But here is the summary paragraph at the top of the story that was the focus of lots of discussion in the podcast.
On the agenda are two items reflecting those divisions: A recommendation that a church in Kennesaw, Georgia, be ousted from the SBC because it accepted LGBTQ people into its congregation, contravening Southern Baptist doctrine; and a report by an executive committee task force criticizing the widely respected leader of the SBC’s public policy arm, the Rev. Russell Moore.
Now, was the issue in Georgia (and elsewhere) that a church “accepted LGBTQ people into its congregation” or that it embraced a married same-sex couple?
For many journalists, that is a distinction without any meaning. But, in terms of moral theology, there is an important issue there that way too many journalists have ignored for years. There are, you see, gays and lesbians who attend conservative congregations, in many traditions and faiths, because they truly believe the doctrines taught there and, thus, they believe that their own struggles with celibacy and sexual orientation are a part of life in a fallen, broken world. They are welcomed in many, many congregations. They also have their own critiques of conservative church life that need to he heard.

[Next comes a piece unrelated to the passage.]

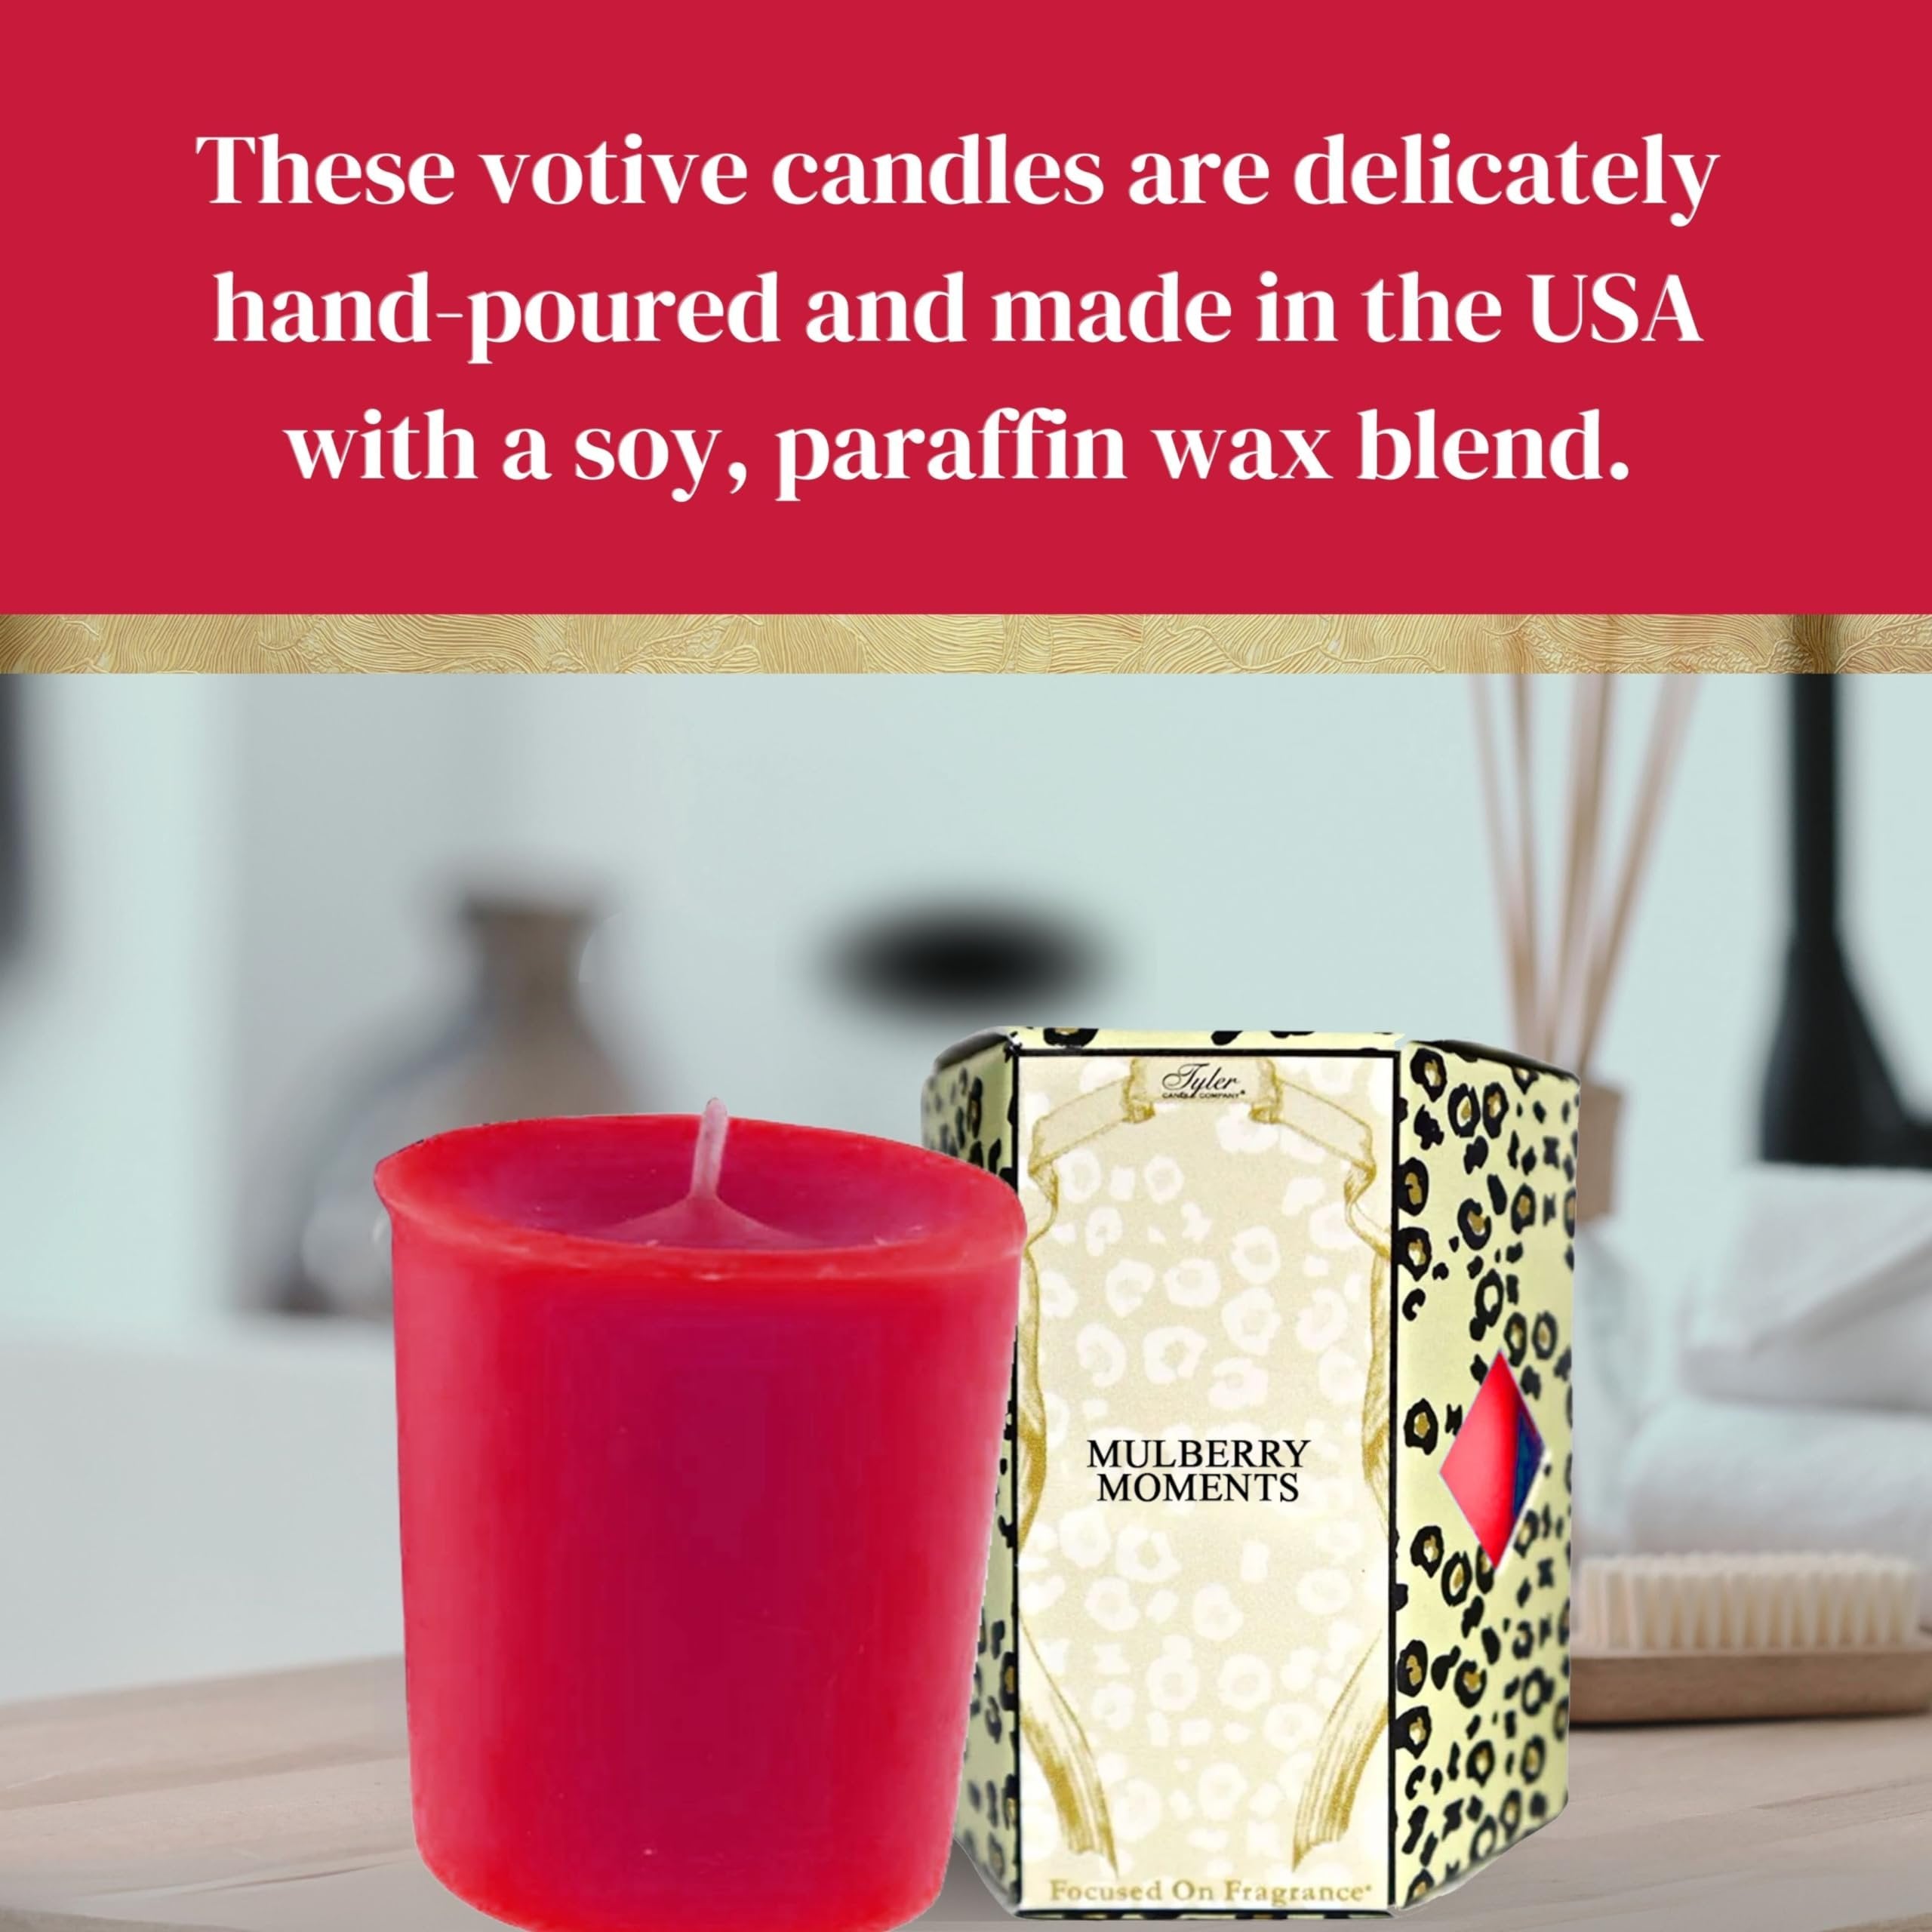 Worldwide Nutrition Bundle, 2 Items: Tyler Candle Company Mulberry Moments Votive Candles - Luxury Scented Candle with Essential Oils - 16 Counts of 2 oz Small Candles and Multi-Purpose Key Chain

That’s heresy for many journalists who are not interested in that side of these debates.
Here’s a pass age from another example, care of The Nashville Tennessean and, thus, the Gannett wire reports, that raises a related issue:
The church located in the Atlanta suburbs first welcomed a gay couple to join the congregation as members in 2019. The Baptist Faith & Message, the beliefs uniting the network of churches, states that homosexuality is immoral and marriage is between one man and one woman.

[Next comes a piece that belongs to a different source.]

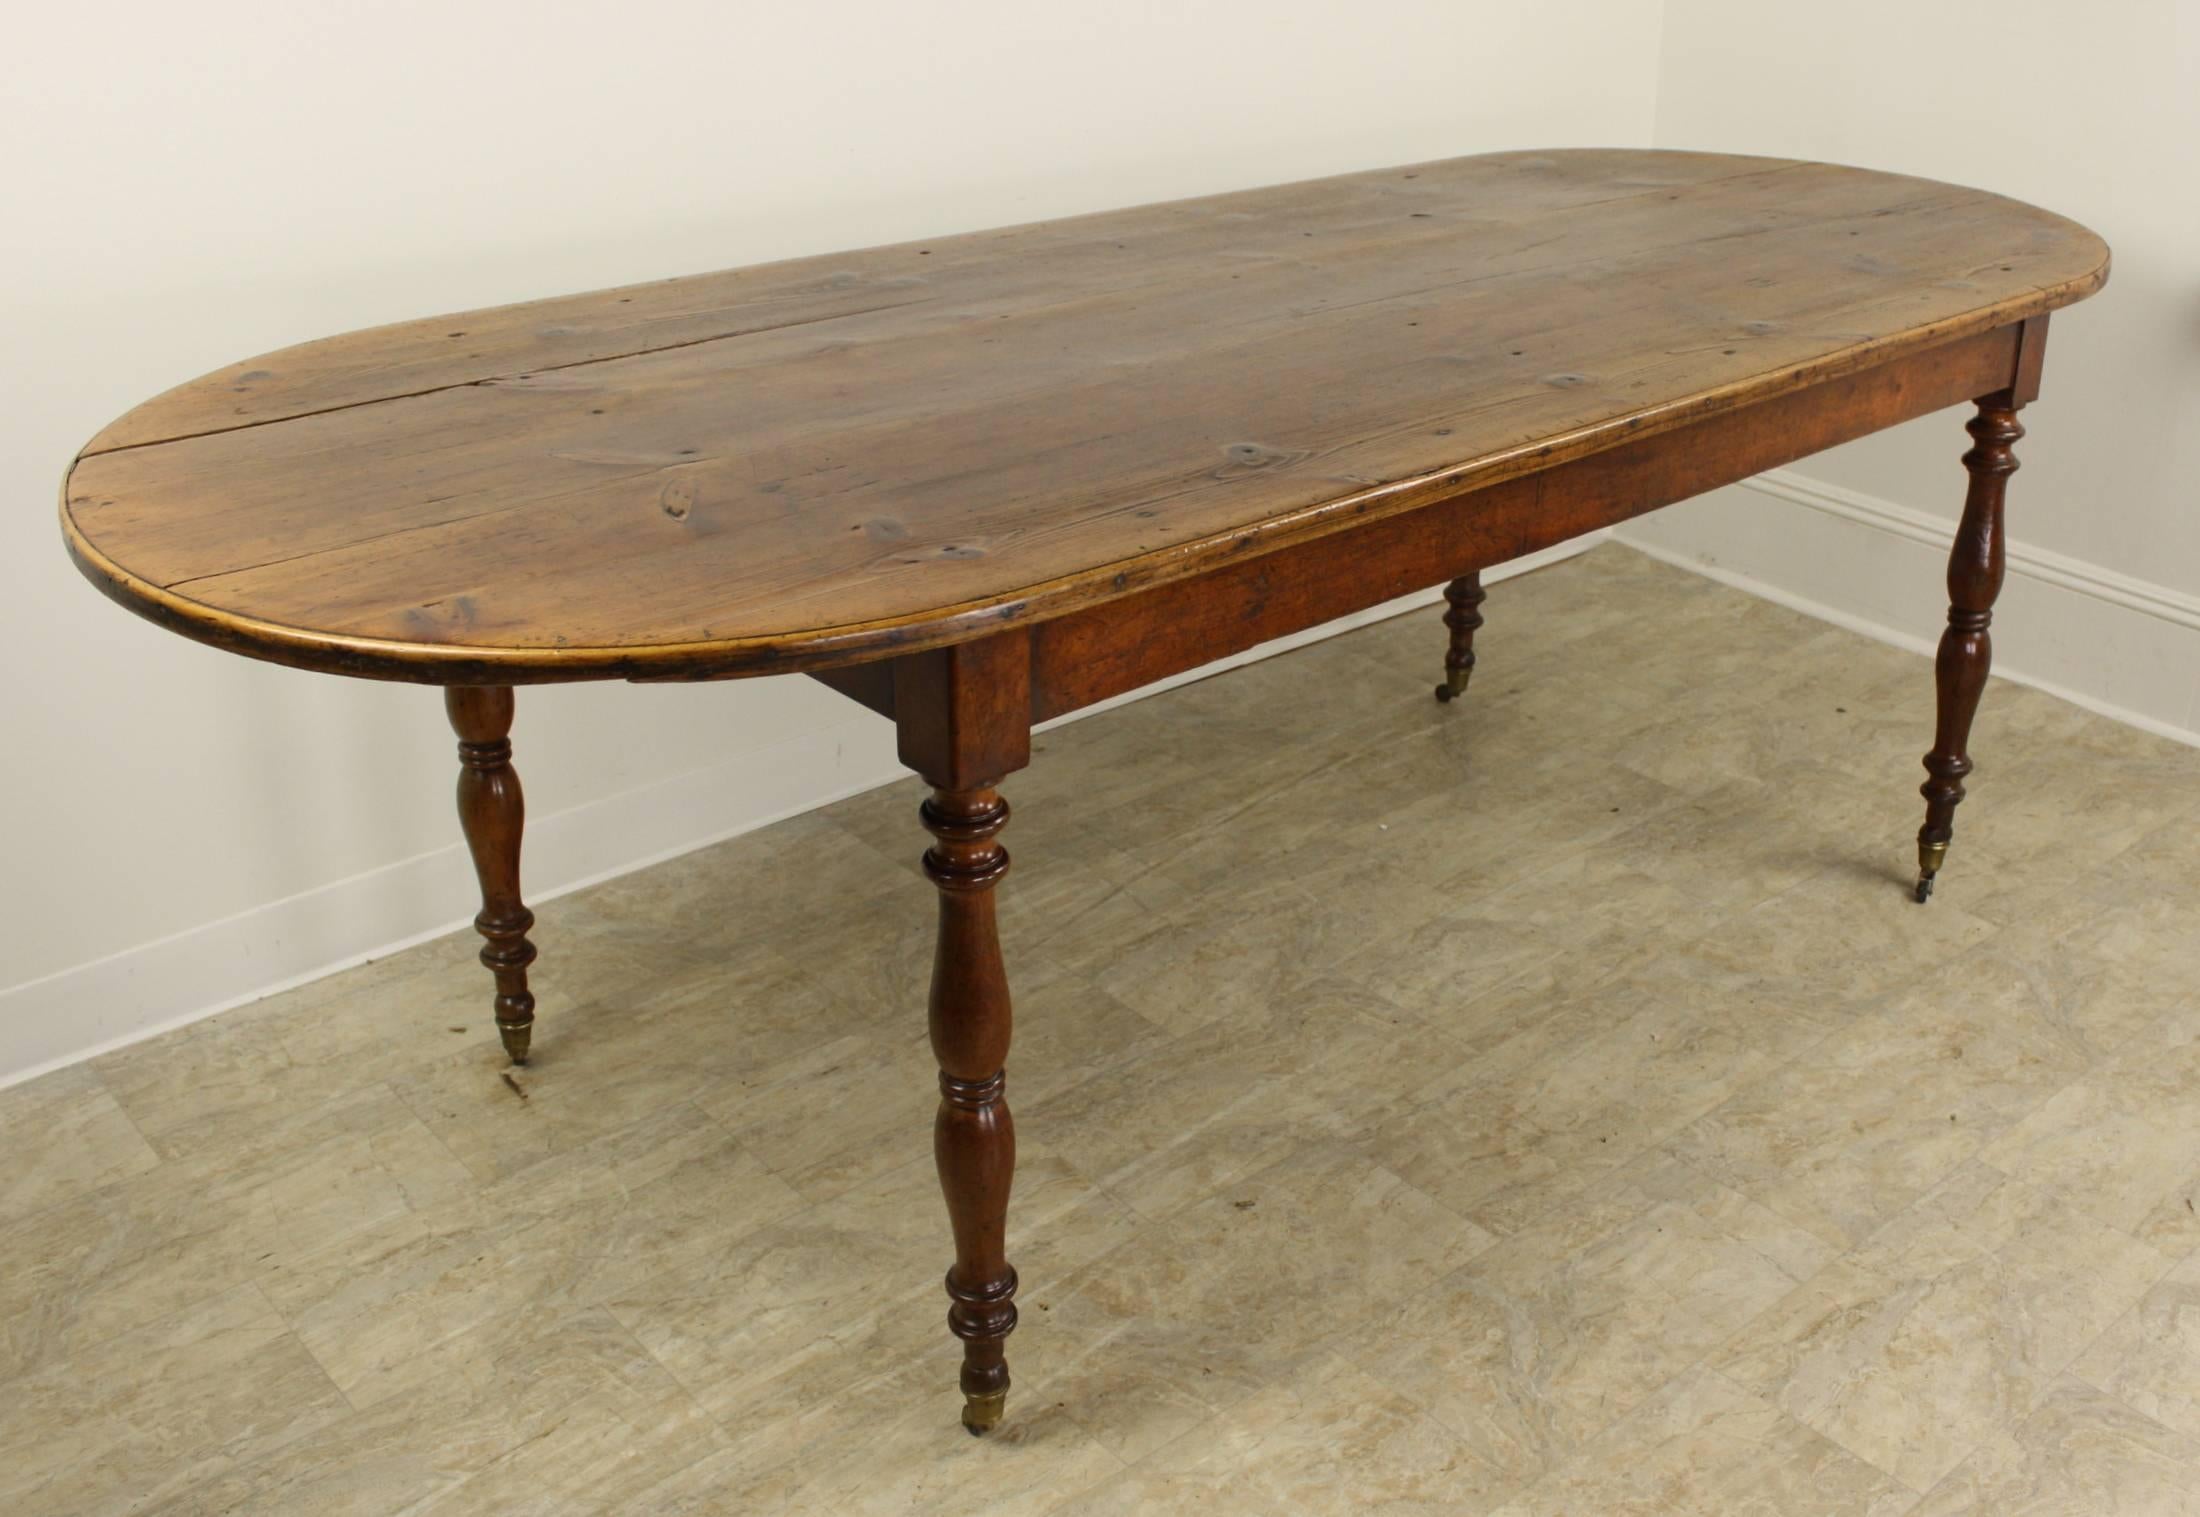 This is a good size, allowing seating for 12, with medium size chairs, this is a great dining table. Very pretty top as the color is a warm, cherry-like tone, very compatible with the rich cherry base. Attractive hand-turned legs end in original

The question raised here: Does the SBC — like many other traditional Christian groups — believe that “homosexuality,” as in same-sex attractions, is sinful or that homosexual behavior and activity is sinful (along with sex outside of marriage, in general)?
Once again, that is a distinction that many journalists and liberal believers will ignore. However, you can see — in another Religion News Service report — that it isn’t hard to simply quote what SBC documents say on the matter:
Towne View and St. Matthews were removed for “affirming homosexual behavior” in their standards for members and leaders.
That same direct quote appeared in the wide-ranging New York Times report mentioned earlier. This long passage points readers toward the various issues in play:
The Southern Baptist Convention’s executive committee voted on Tuesday to expel four of its member churches, ousting two for policies that “affirm homosexual behavior” and the others for employing pastors who are convicted sex offenders.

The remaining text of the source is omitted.